After Supreme Court Justice Ruth Bader Ginsburg died on September 18, 2020, several weeks before the presidential election, Lee supported Trump's nomination of Amy Coney Barrett to fill the vacant seat, citing her position on abortion. After Joe Biden defeated Trump in the 2020 presidential election, Lee was one of many Republican officials nationwide who refused to acknowledge Biden's victory amid Trump's false claims of fraud. Biden won a clear victory in both the popular and the electoral vote, but Lee refused to recognize Biden as president-elect even after the election had been called, after the presidential transition had formally begun, and after the electoral college had voted, formalizing Biden's victory. On January 8, 2021, two days after a pro-Trump mob stormed the U.S. Capitol in a bid to disrupt the counting of the electoral votes and keep Trump in power, Lee condemned the riot and acknowledged Biden as president-elect.

=== Abortion ===
In January 2020, Lee proposed a bill to ban abortion as early as six weeks into pregnancy. The legislation was among the nation's strictest abortion bans, and was similar to six-week abortion bans that were blocked by courts in Mississippi, Ohio, and other states. Passed in the final hours of the General Assembly 2020 session on a party-line vote, it was challenged in federal court by Planned Parenthood and the ACLU. Lee signed the bill into law in July 2020. A federal judge immediately blocked its enforcement because it violated Supreme Court precedent, such as Roe v. Wade, which prohibits undue burdens on pre-viability abortions.

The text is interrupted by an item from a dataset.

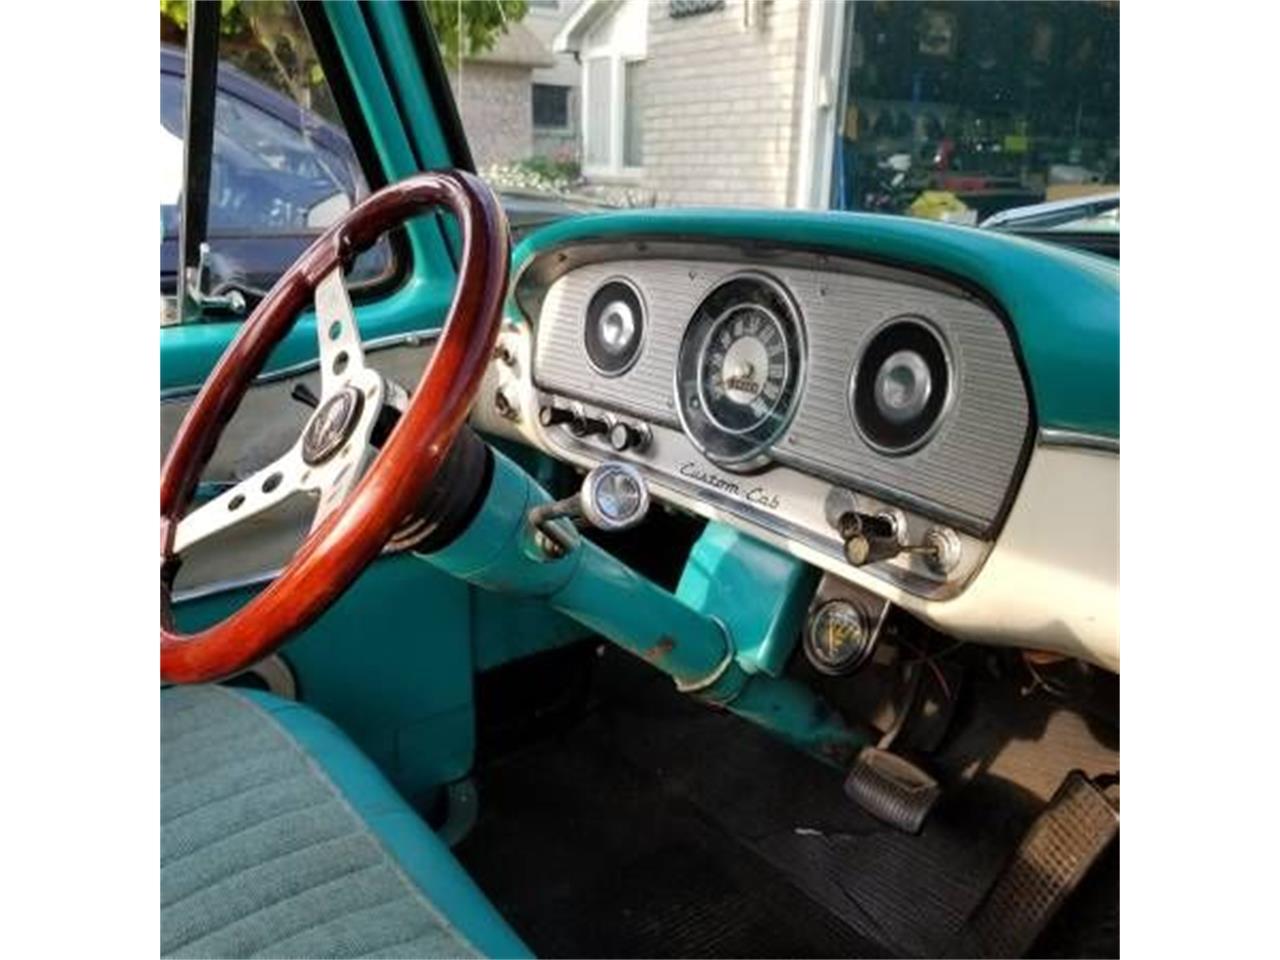 Large Picture of '64 Ford F100 located in Cadillac Michigan - $9,995.00 - QSPO
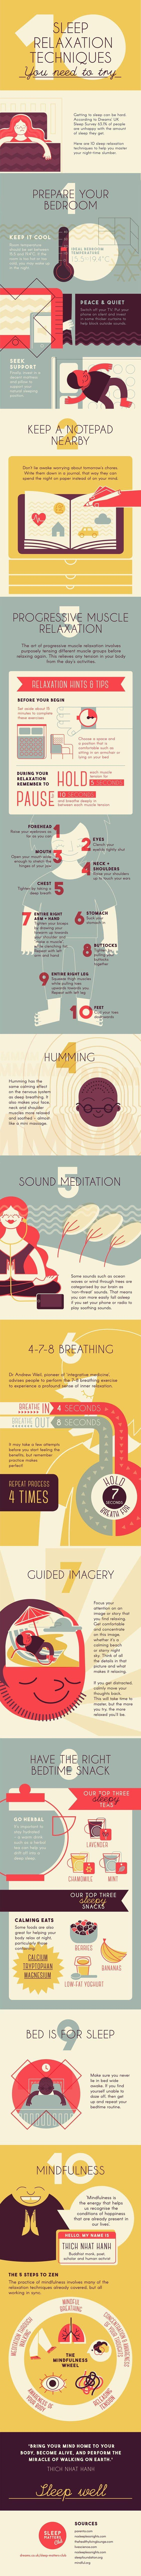 10 Sleep Relaxation Techniques #Infographic #Health #Sleep

After Roe v. Wade was overturned, Lee supported Tennessee's near-total ban on abortion, which has no exceptions for rape, incest, or the mother's health. Lee has said the ban provides "maximum protection possible for both mother and child", but it makes no explicit exceptions for the pregnant patient's health. It makes an exception for an "affirmative defense" for emergencies, but the vagueness of that language makes physicians hesitant to perform abortions even when the mother's life is in jeopardy.

===Budget and economy===
In 2019, Lee proposed repealing Tennessee's 10% amusement tax on gym, fitness center, and health club fees, arguing that the tax discourages Tennesseans from being physically active. If enacted, the repeal would reduce state revenues by about $10 million.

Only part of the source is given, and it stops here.